Strecker investigated a wide variety of problems in both organic and inorganic chemistry during his time at Giessen. Examples include the molecular masses of silver and carbon, the reactions of lactic acid, the decomposition of hippuric acid by nitric acid, and the separation of cobalt and nickel.
Strecker wanted to leave Giessen for a position at the University of Berlin, but when he heard of an open position at Norway's University of Christiania, he applied for it and in 1851 became a professor there.

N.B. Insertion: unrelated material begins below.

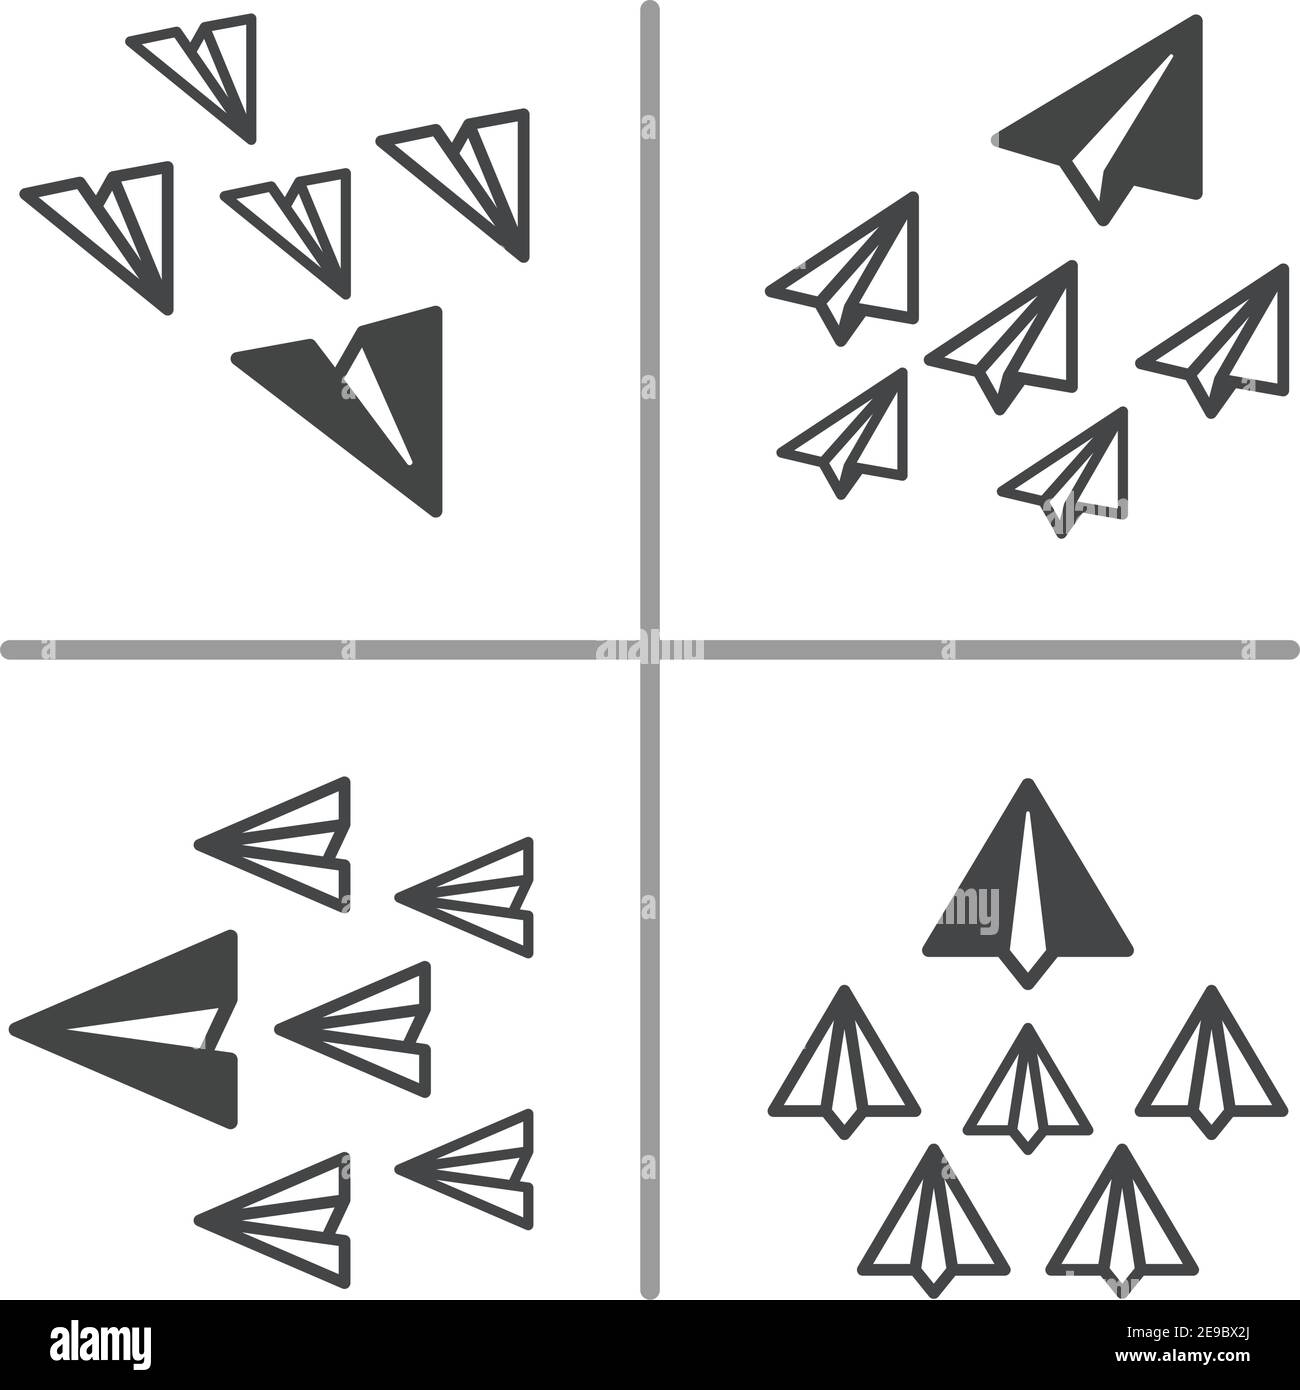 avion papier volant de la même manière, concept d'entreprise et de leadership, avion papier illustration conceptuelle et ensemble de vecteurs Illustration de Vecteur

While in Norway, Strecker focused on organic chemistry, covering a broad range of topics from organometallic chemistry to natural products.
Strecker left Norway on Christian Gottlob Gmelin's death in 1860 to accept the latter's position at the University of Tübingen. There he conducted research on guanine, xanthine, caffeine, and theobromine, and on the very toxic thallium oxides, which damaged his health severely. He moved to the University of Würzburg in 1870, but his first semester was interrupted by the Franco-Prussian War of 1870–1871. Strecker became an officer during the war and returned to the university after it, where he started his last semester. In the summer of 1871 he undertook a recreational holiday in Berchtesgaden, Bavaria, but his health began to deteriorate. Strecker died in Würzburg, where he is buried in the Hauptfriedhof.
Strecker synthesis
The Strecker synthesis of amino acids involves the reaction of potassium cyanide, ammonium chloride, and an aldehyde to make an alpha amino acid.[1][2][3][4] The reaction can also be run with ammonia, hydrogen cyanide, and an aldehyde.
Because of the relative simplicity of the reactants, the Strecker synthesis has been invoked by those studying both the origin of life and meteoritic amino acids.[5][6]
Also named for Strecker are the Strecker degradation, which involves the conversion of amino acids into imines and then into ketones, and the Strecker sulfite alkylation.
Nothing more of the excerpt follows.